I also believe that while we are on it, we should just remove 0 as well, since it could be mistaken as O on certain fonts.

piprett avatar Aug 12 '24 19:08 piprett

For such short codes I think removing letters would be detrimental to security, otherwise we could've used Microsoft's product key alphabet, which also avoids the possibility of getting a code like B0OB-1CEF. We probably should use monospace font that differentiates between these characters when showing the backup codes. And 8 codes should be enough to help avoiding getting stuck in case of mistyping (0 and O, Z and 7, I and 1, B and 8, etc).

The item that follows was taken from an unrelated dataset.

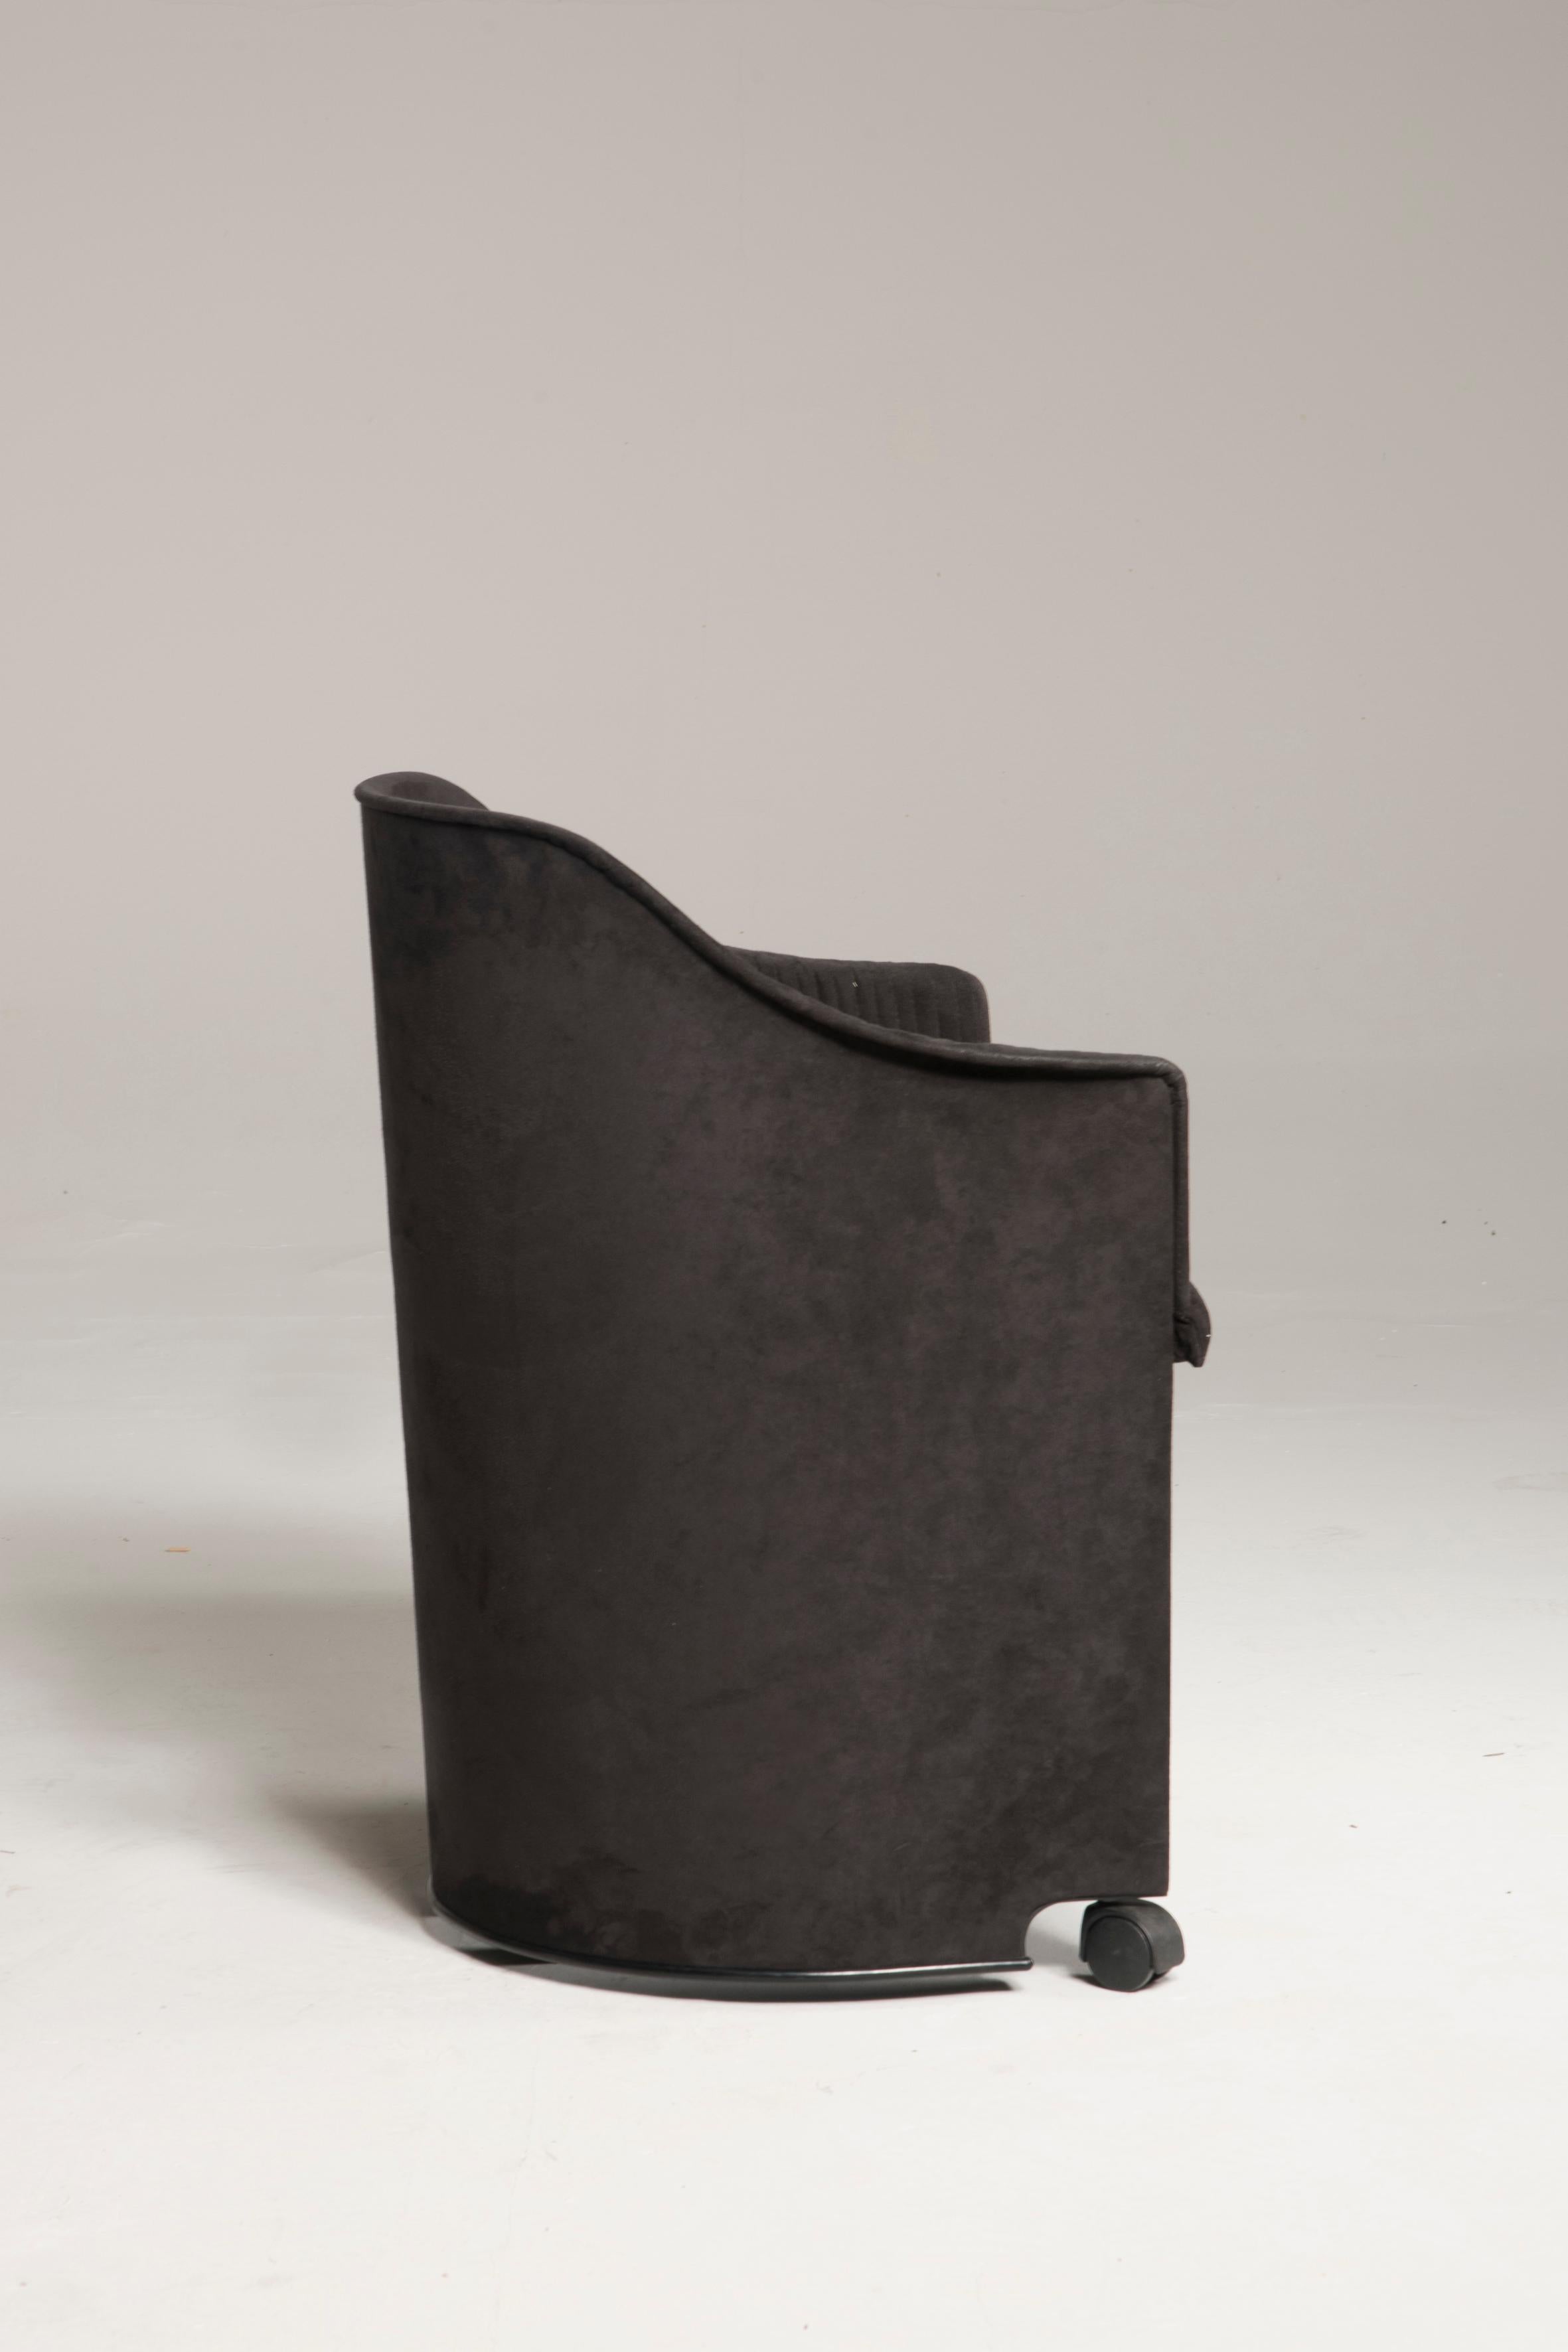 Acht Rädern-Sessel der B&B MaxAlto Kollektion Alcantara, 1990er Jahre (Italienisch) im Angebot

brawaru avatar Aug 12 '24 21:08 brawaru

Name Alphabet Characters Maximum time to guess assuming no downtime[^1]
A-Z 0-9 ABCDEFGHIJKLMNOPQRSTUVWXYZ0123456789 37 2784 years
A-Z 1-9 ABCDEFGHIJKLMNOPQRSTUVWXYZ123456789 36 2236 years
A-Z 0-9 without 0, 7, 1, 8 ABCDEFGHIJKLMNOPQRSTUVWXYZ234569 33 1114 years
Microsoft BCDFGHJKMPQRTVWXY2346789 25 120 years

[^1]: Assuming a rate limit of 300 attempts per minute, with 8 codes per person. Years = X ^ 8 / 8 / 300 / 60 / 24 / 365.